Searching for GPOs
Applies To: Windows Server 2003, Windows Server 2003 R2, Windows Server 2003 with SP1, Windows Server 2003 with SP2
GPMC provides extensive capabilities to search for GPOs within a domain or across all domains shown in a forest. This search feature allows you to search for GPOs based on:
Display name of the GPO.
Whether or not a specific domain contains links to the GPO.
The permissions set on the GPO.
The WMI filter that is linked to the GPO.
The type of policy settings that have been set in the User Configuration or Computer Configuration in the GPO, such as folder redirection or security settings. Note that you cannot search based on the individual settings configured in a GPO.
GUID of the GPO.
Figure 24 shows the GPO Search dialog box.
Figure 24
The GPO search by name and by GUID functions allow the user to search for a GPO by the GPO display name or by GUID associated with the GPO. The search by User Configuration or Computer Configuration allows the user to find GPOs that contain certain types of Group Policy settings. Refer to Table 3 for a list of the Group Policy settings allowed in this search feature.

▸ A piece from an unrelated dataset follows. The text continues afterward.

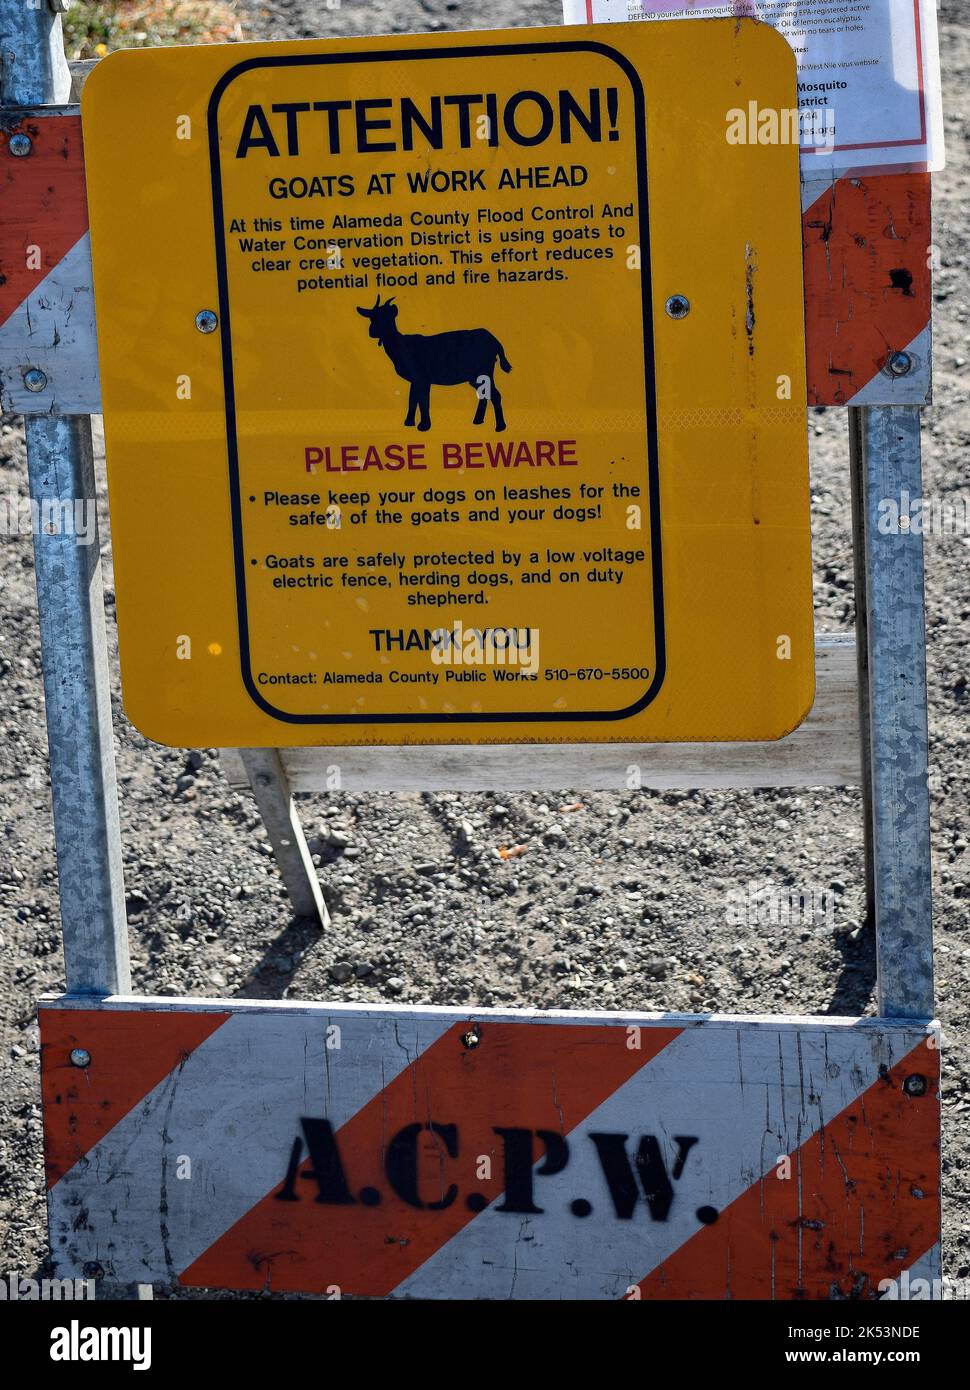 goats at work to reduce flood and fire hazards  sign along Alameda Creek in Union City, California Stock Photo

The search by security group feature allows the user to find GPOs that have certain permissions applied to them. You can search for GPOs that either explicitly have these permissions (or explicitly do not have these permissions) or that have these permissions effectively applied to them (or not). An explicit permission on a GPO means the security principal is directly referenced in the ACL on the GPO. An effective permission means the security principal has permissions on the GPO either as the result of an explicit ACE, or because of its group membership. These factors combine to give a security principal the merged or effective set of permissions they have on the GPO.
Searching by GPO-Link allows the user to find unlinked or cross-domain linked GPOs. For example, if you are searching for GPOs in a given domain and you perform a search where GPO links do NOT exist in that domain, this search type will return the list of unlinked GPOs.
Searching by GPOs that link to a WMI filter allows the user to find all GPOs that link to a specified WMI filter.
Table 3 summarizes the GPO search actions and how they can be used.
Table 3
Search Item | Search Condition | Value |
---|---|---|
GPO name |
Contains Does not Contain Is Exactly |
GPO Display name |
GPO-Link |
Exist in Does not Exist in |
Domain name(s) [All Sites] |
Security Group |
Has this explicit permission Does not have this explicit permission Has this effective permission Does not have this effective permission |
Apply Settings Edit Settings Edit Settings, Delete, Modify Security Read Settings |
Linked WMI filter |
Is Is not |
WMI Filter name |
User Configuration |
Contains Does not Contain |
Folder Redirection Internet Explorer Branding Registry Scripts Software Installation |
Computer Configuration |
Contains Does not Contain |
EFS Recovery IP Security Microsoft Disk Quota QoS Packet Scheduler Registry Scripts Security Software Installation Wireless Group Policy |
GPO GUID |
Equals |
GUID |
Note
When searching based on user or computer configuration, if a setting is enabled, and then all the settings in that extension are removed, there can be false-positive search for certain types of settings. This happens because the GPO has the extension listed as active. The extensions with this behavior are Security Settings, Software Installation, Folder Redirection, Internet Explorer Maintenance, and Encrypting File System (EFS).